Sly: Welcome back gang for our final segment this morning and our guest, long time Creeker and now surprisingly famous global futurist, Stan Doffish of Pacific Fringe Consulting. Hi Stan good to see ya again.

Stan: I was misquoted in the Vancouver media. I did not advocate depopulating Asia to protect our standard of living. I was actually trying to draw attention to the real danger, given policy and service sector path dependence, of the Bush Administrations radical unilateralism given peak oil, the Bottleneck, the

Sly: Whoa. whoa Stan. Hold on. Peak oil? You have made headlines on the net for depopulating Asia. Explain that Stan. What do you mean by depopulating Asia?

Stan: Hi Sly. I repeat I'm not advocating at all depopulating Asia. I'm just saying that the path the US took in occupying Iraq for oil ends up in a horrible logic of a future Administration deciding that in the upcoming turbulence and resource crisis its them or us and acting preemptively. I don't even think its possible, but we need to think these thoughts to understand the evil places we could go.

Sly: Depopulating?

Stan: Depopulating is the euphemism for killing all the livestock affected by a disease as a preventive business measure to preserve markets, etc. The depopulating of all Fraser Valley poultry operations because of the chicken influenza outbreak is a recent example.

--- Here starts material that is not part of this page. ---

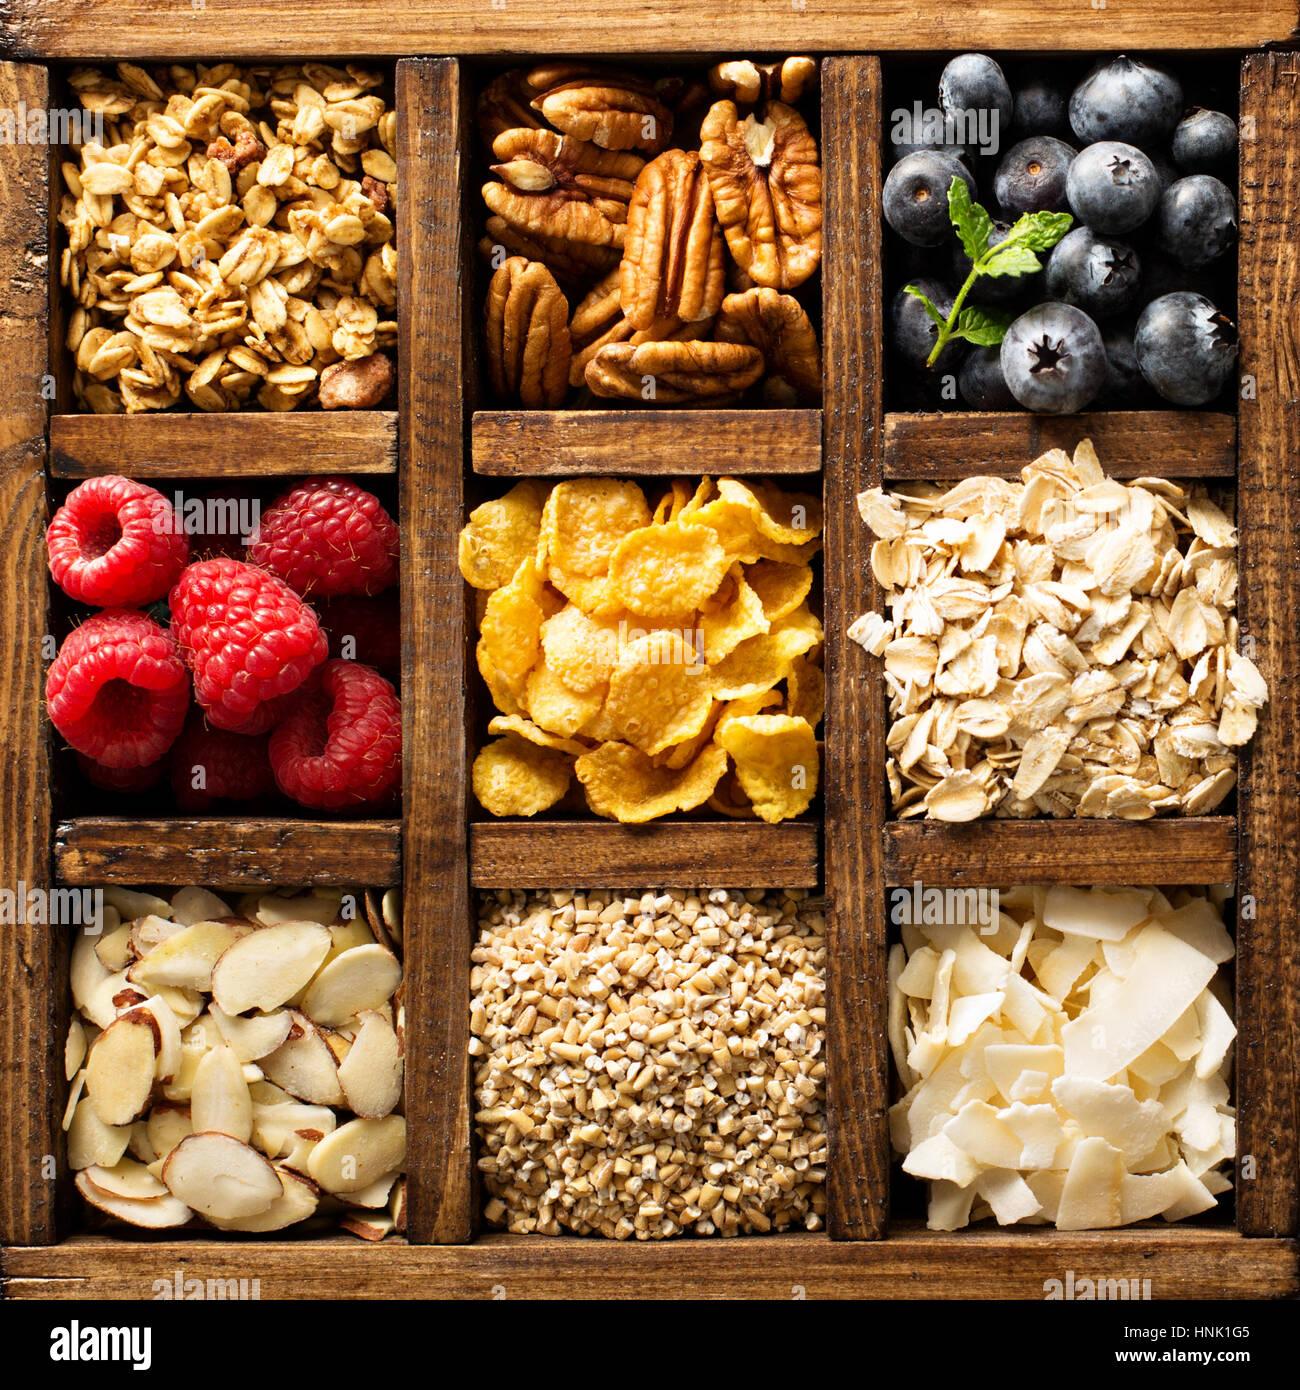 Für das Frühstück, Hafer, Getreide und Früchte in einer Holzkiste Überkopf-Aufnahme Stockbild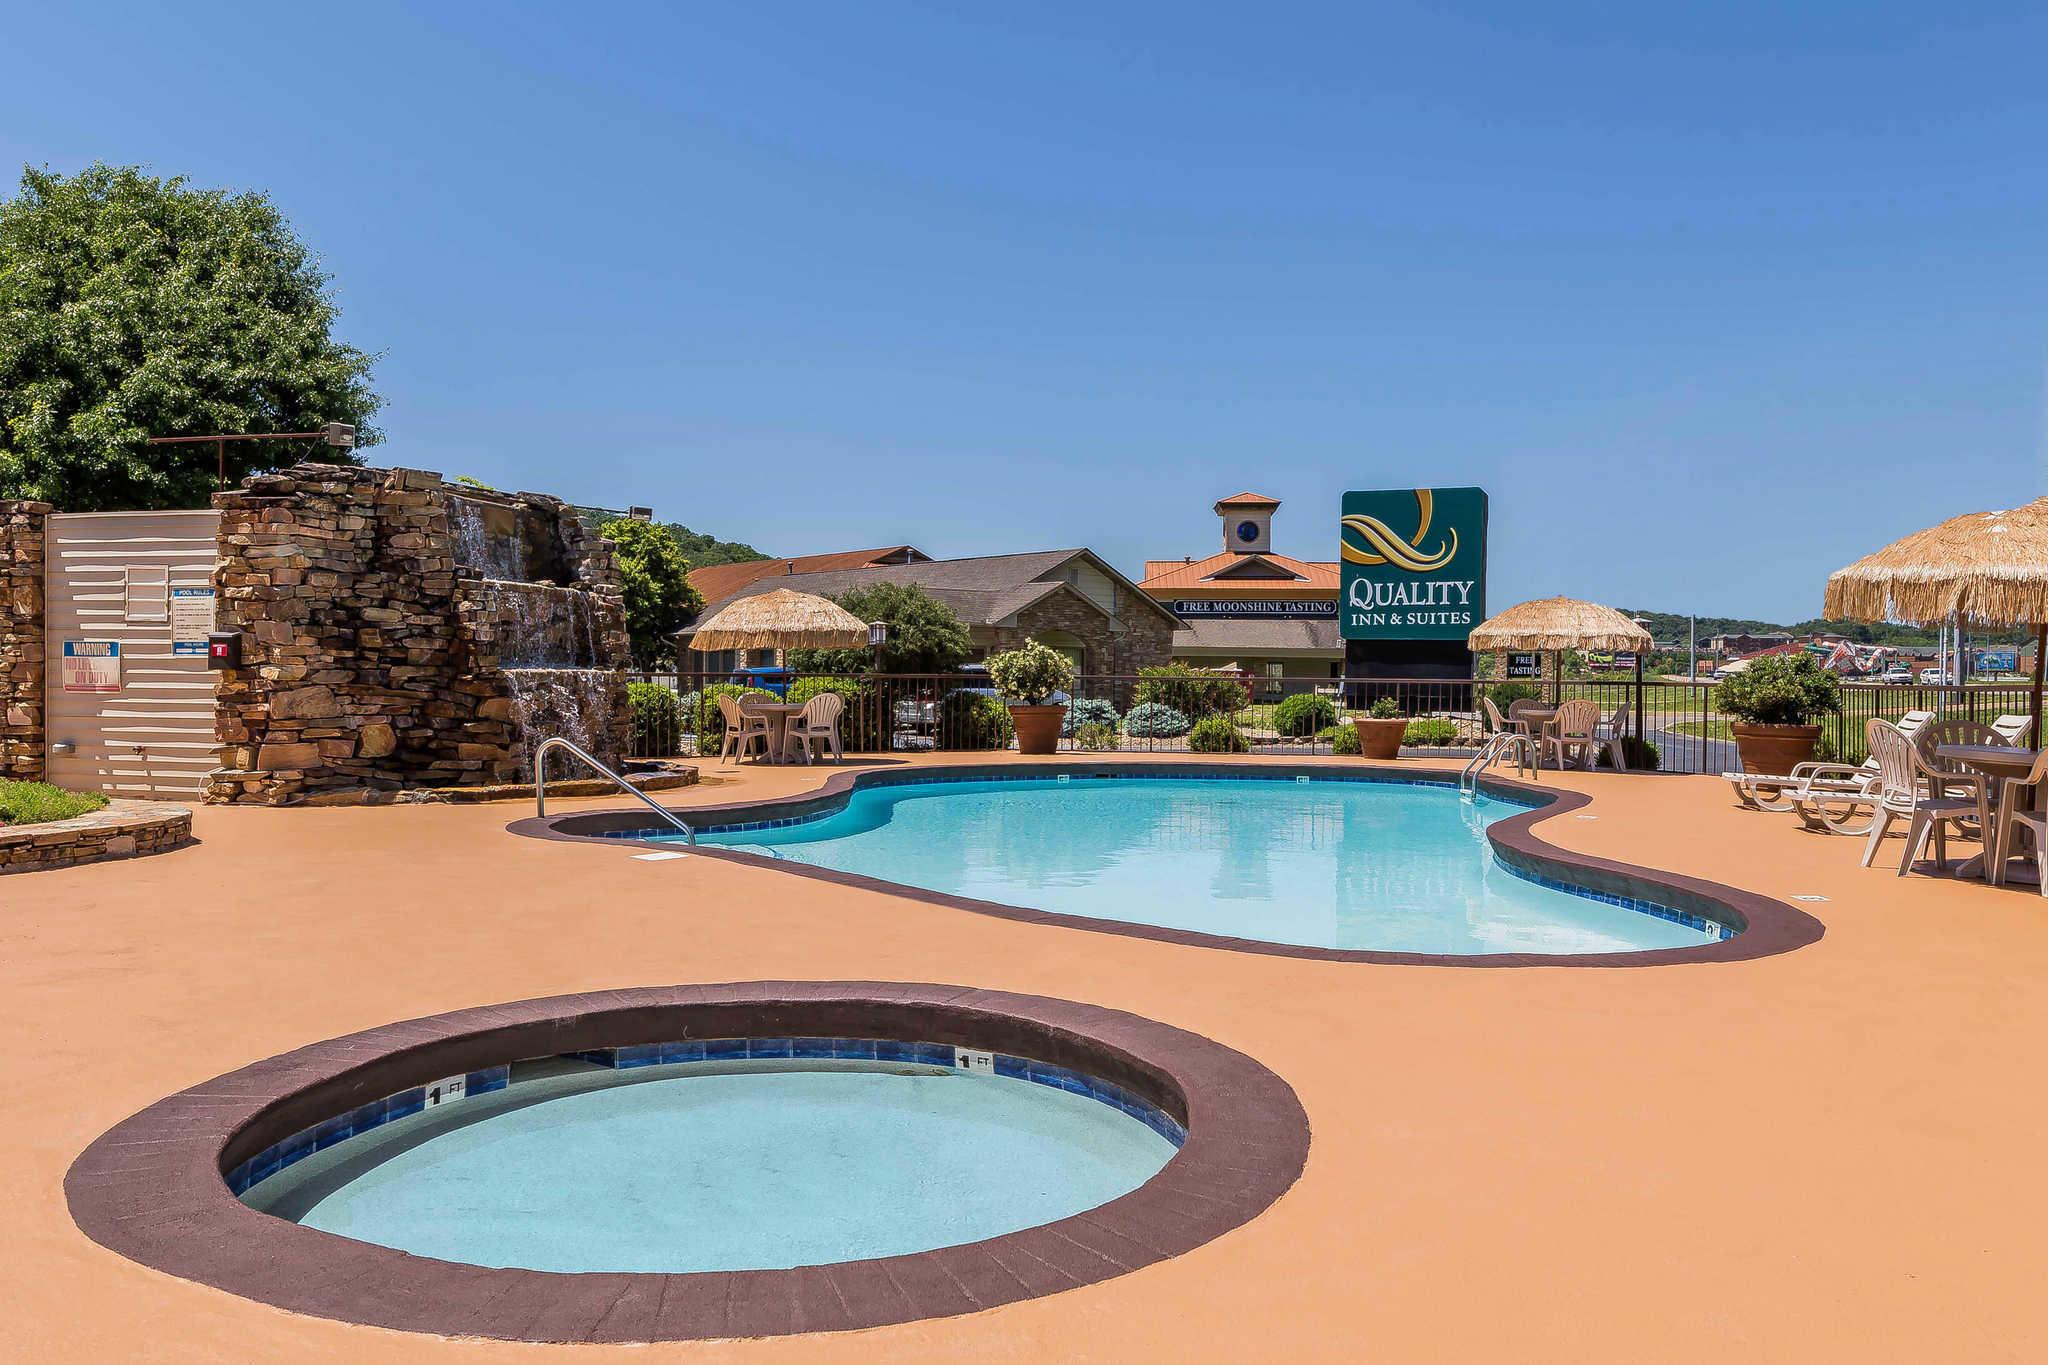 Quality Inn & Suites River Suites image 29

Depopulating Asia means using modern weapons to kill off the Chinese, Japanese, Indian and Muslim, Russian maybe, peoples in an attempt to head off the coming war of resources predicted with the end of oil and Wilson's Bottleneck.

When Bush seized Iraq - using Saddam as an excuse - it was the first step in an endgame for the remaining oil reserves necessary for our way of life. Peak oil is upon us, but very few understand the consequences. Very few understand the importance of the signal that the US is sending about how the US is going to react to peak oil.

Sly: Hold on just a minute Stan old man - Killing all the people in Asia? Peak oil? What"s peak oil?

Stan. M. King Hubbert was a US oil geologist. He looked at records for oil discovered, wells dug and production and predicted in the 50s that production of oil in the continental States would peak around 1970. It did. Since 1970 US wells have produced less and less oil even with new discoveries and increasing technology for better oil recovery.

A school (for lack of a better word) of oil geologists and other oil production experts have used Hubbert's methodology to try and predict the peak of global oil production - there is a finite supply of oil. The range of predictions for when we will reach peak production - followed by a steep decline in production - begin with 2002 in the worst case scenario, through a spectrum of predictions to a very optimistic 2050.

What does this mean? - I can see your distress with what I'm saying Sly. Will we instantly run out of oil tomorrow or next month or in a couple of years? Should you switch to gas?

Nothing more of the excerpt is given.